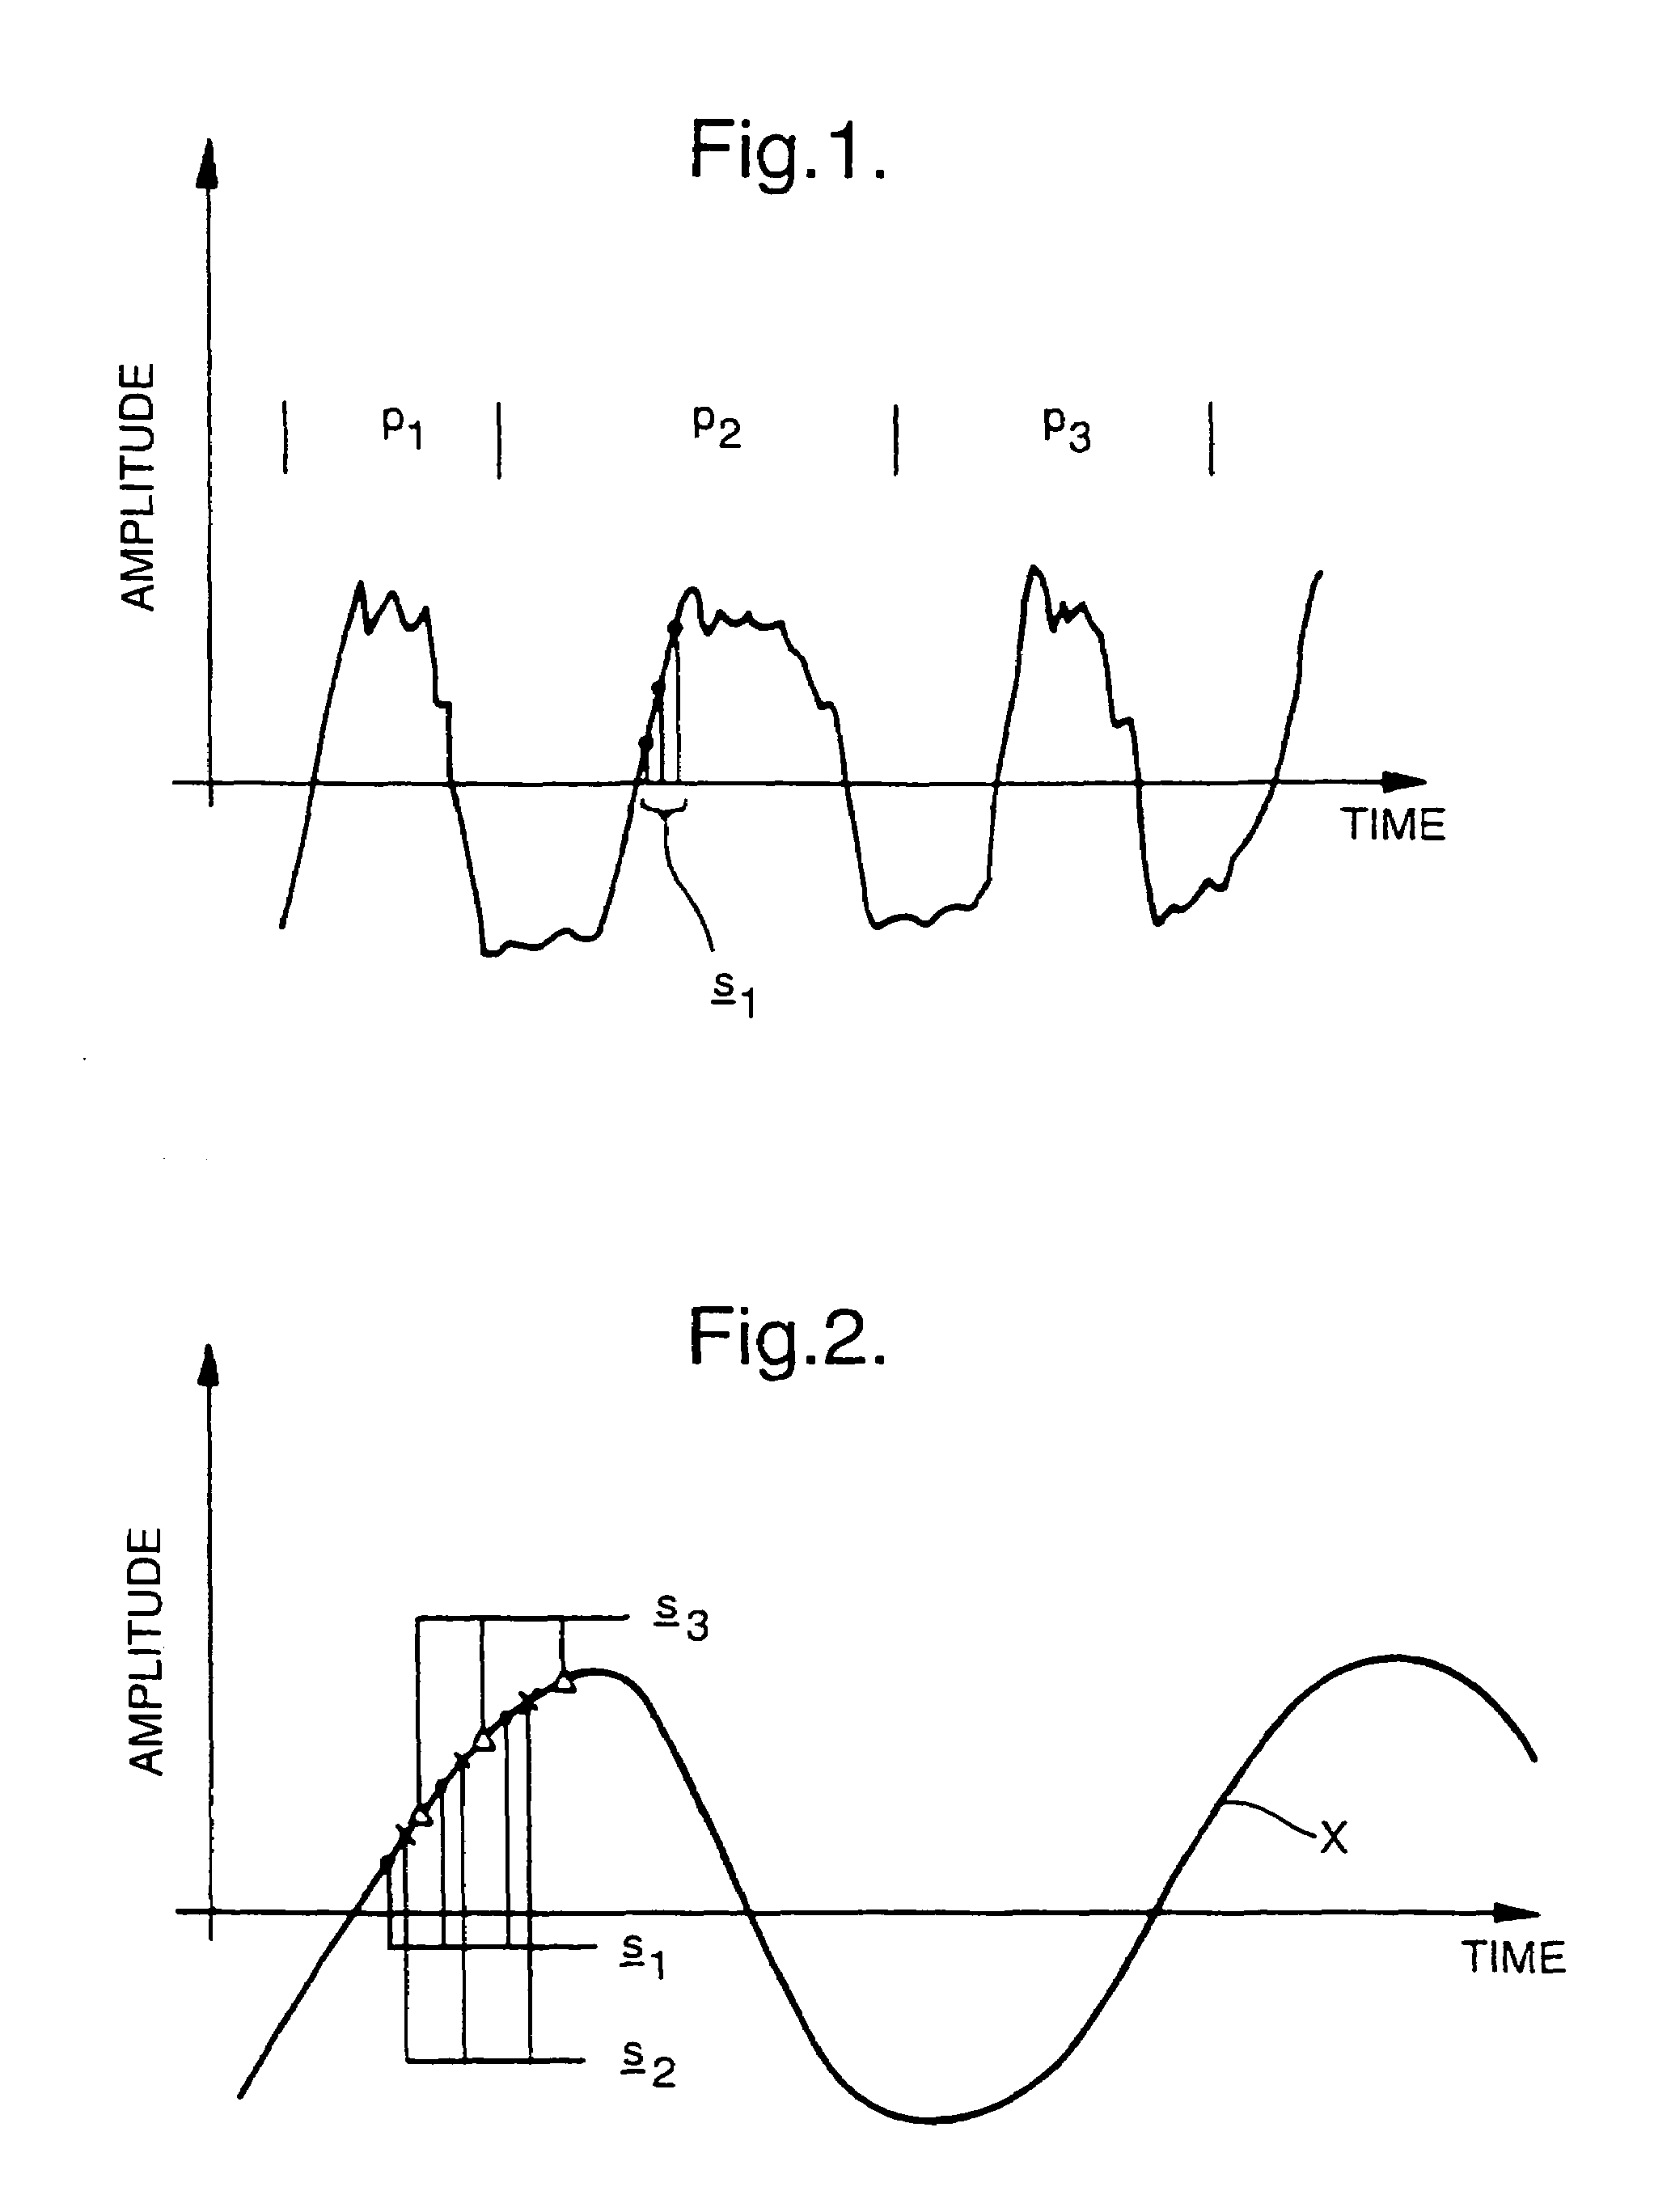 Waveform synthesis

────────

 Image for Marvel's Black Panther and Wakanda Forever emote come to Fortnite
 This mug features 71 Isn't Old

────────

Reproduce word for word the material above, beginning with the line that contains "Image for Marvel's" and ending with the line that contains "This mug features 71 Isn't Old".

Reply:
 Image for Marvel's Black Panther and Wakanda Forever emote come to Fortnite
 This mug features 71 Isn't Old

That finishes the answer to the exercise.